2. The following recitation of facts is taken, sometimes verbatim, from Plaintiffs' Complaint (Def.'s Notice of Removal, Ex. A., ECF No. 1) and Plaintiff's Motion to Remand (ECF No. 5).
3. Plaintiffs do not contest Defendant's statement regarding the Doe Defendants and their effect on diversity jurisdiction. It is well-established that "the citizenship of defendants sued under fictitious names shall be disregarded" for purposes of removal. 28 U.S.C. § 1441(a).
4. In opposition to this Motion, Defendant submitted the Declaration of Annette Rose (ECF No. 7-2) which indicates, inter alia, that the removal petition inadvertently described both the state of incorporation and the principal place of business as being in North Carolina despite the fact that Defendant is in fact incorporated in Delaware. The Rose Declaration corrects that scrivener's error, which does not change the diversity analysis as to ESA in any event since its citizenship is diverse under either scenario to Plaintiffs'.
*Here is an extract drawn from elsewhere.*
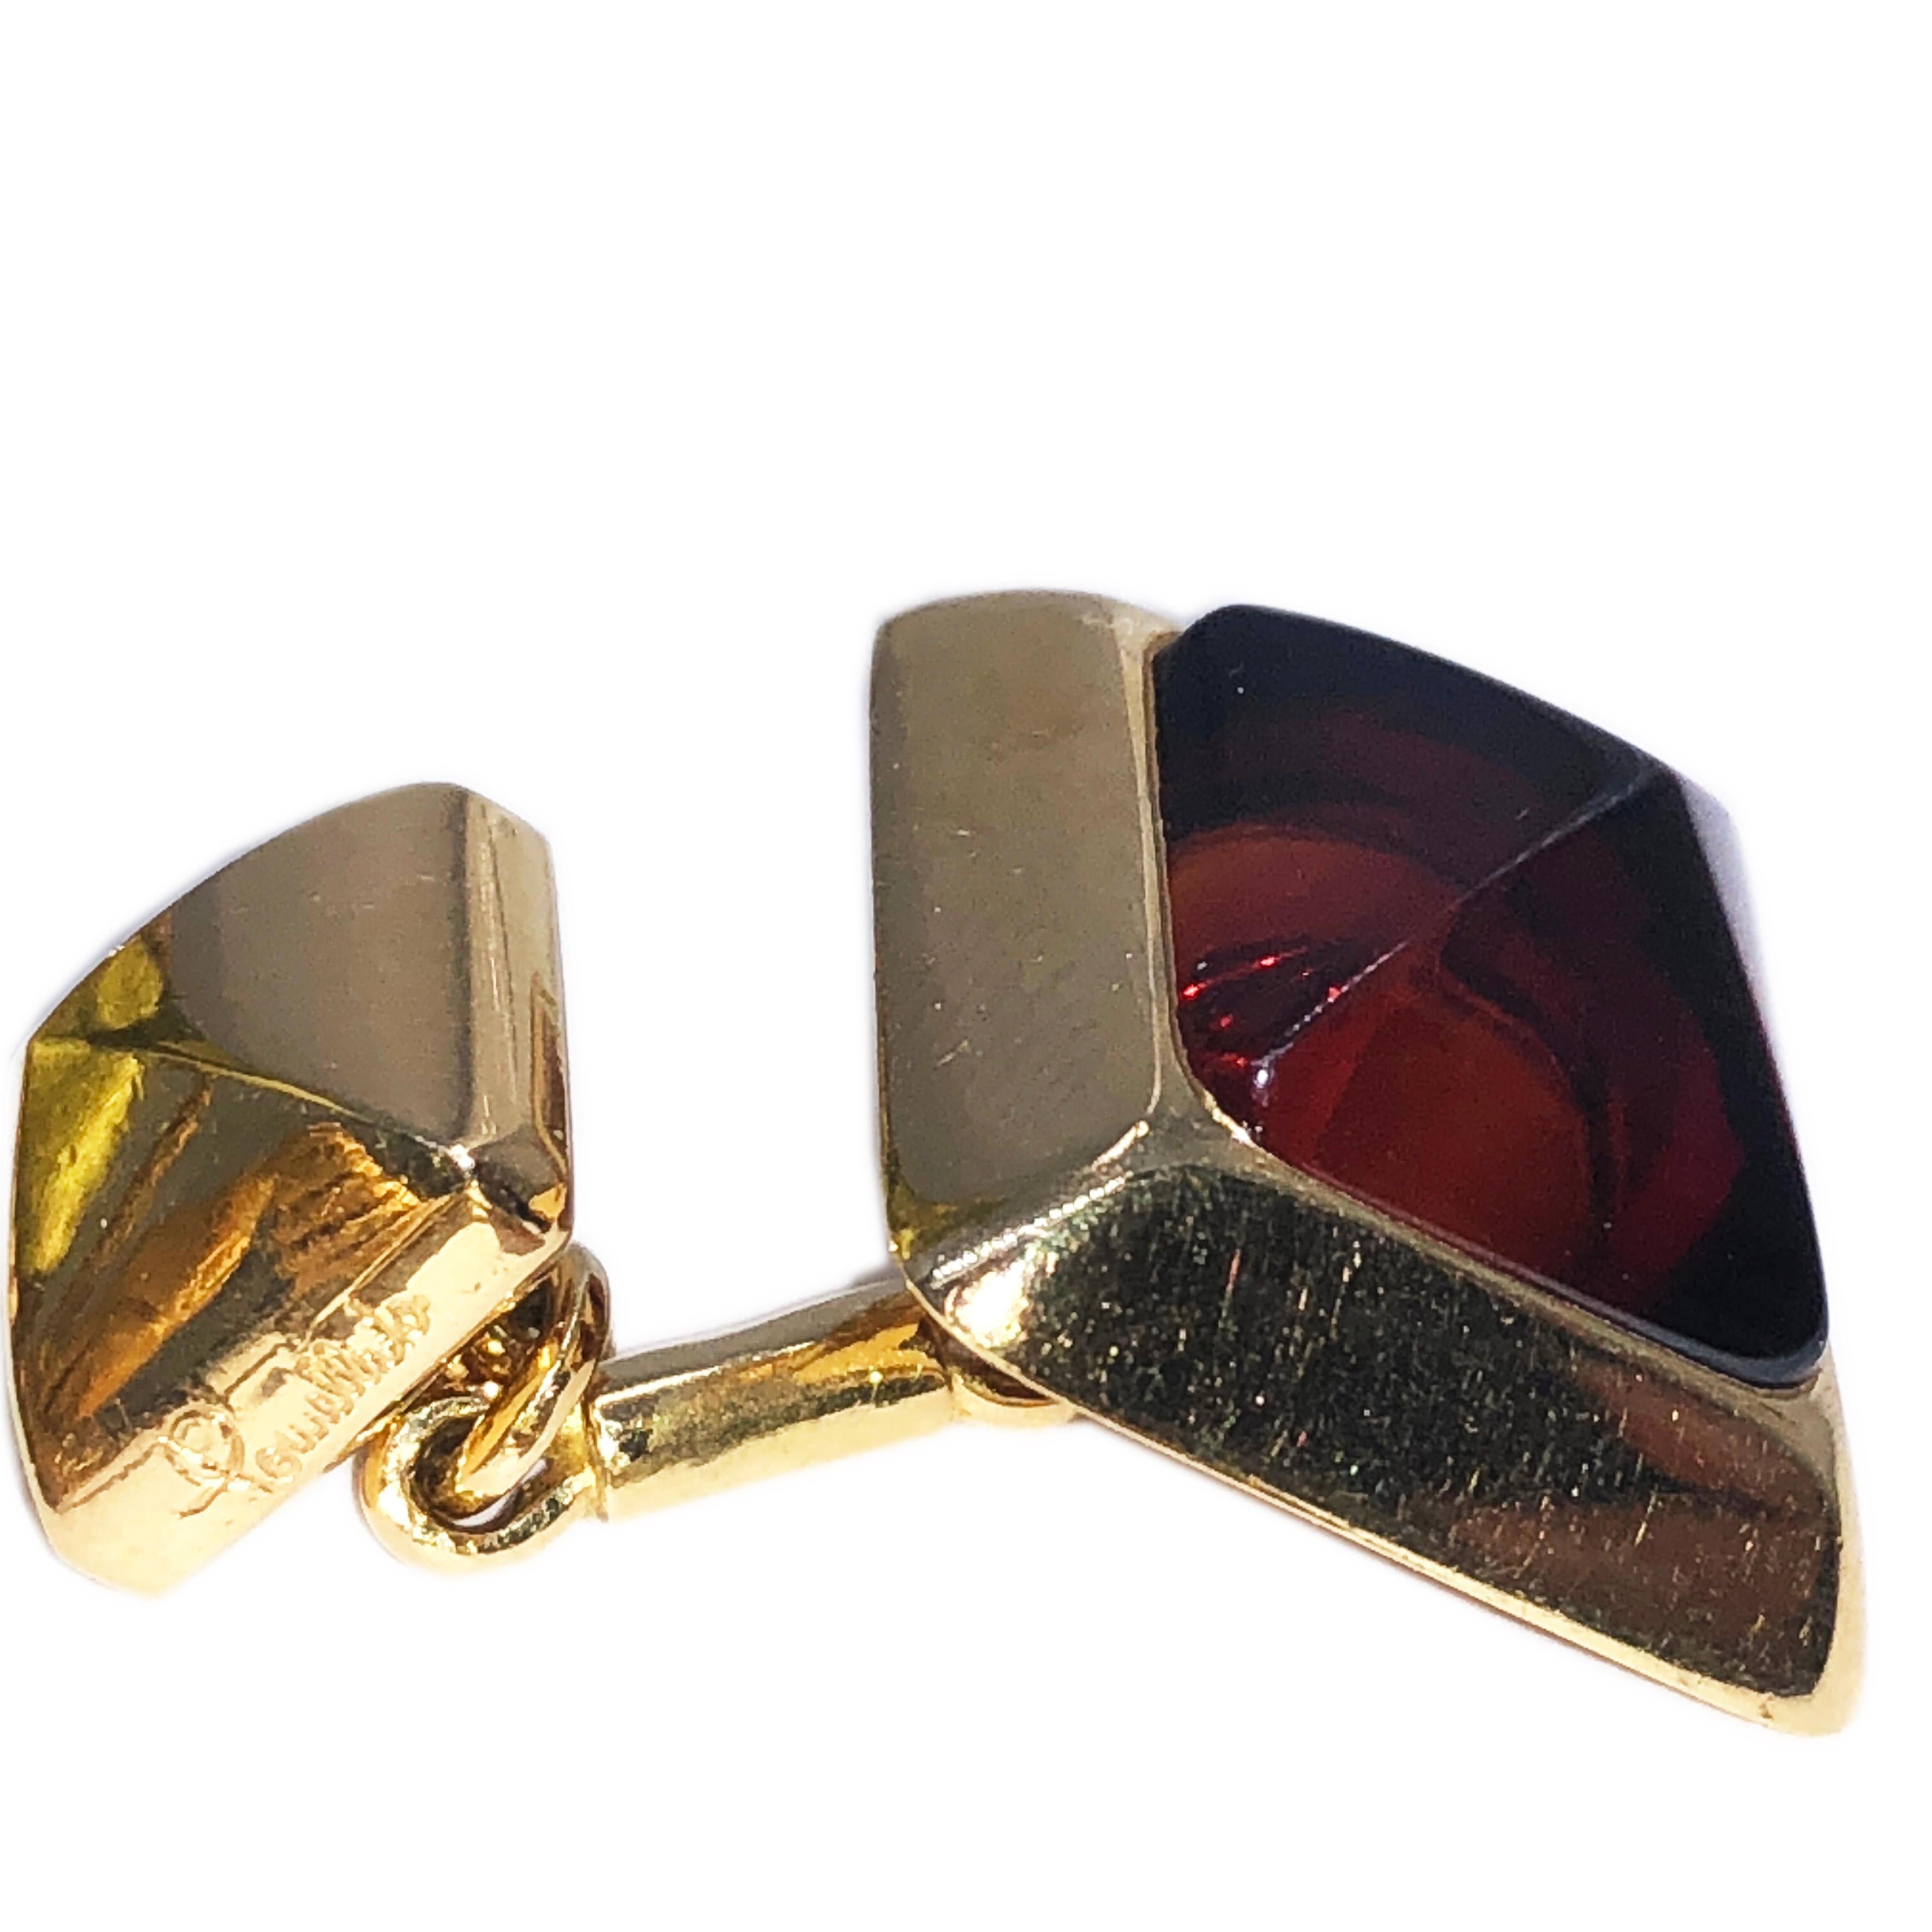 Iconic, Original 1994, Pyramid Shaped Natural Madeira Citrine Cufflinks, 18K Yellow Gold Setting. A limited edition Collar Bar Clip from the same collection is available as well.
This fabulous piece has never been used or worn and it is still in its

5. Plaintiffs' evidentiary objections to the Hashe declaration are OVERRULED.
6. Courts have construed Cal. Civ. Proc. Code § 413.30 as authorizing service by email if it is reasonably calculated to give actual notice to the party to be served. Cisco Sys. v. Shaitor, 2018 U.S. Dist. LEXIS 106893 at *7-8 (N.D. Cal. June 25, 2018).
7. While Plaintiffs purport to cite § 1446, they fail to demonstrate what "receipt through service or otherwise" means, even though there is an abundance of case law discussing this issue. Instead of addressing the arguments made by Defendant, Plaintiffs merely copied and pasted their original argument into their Reply.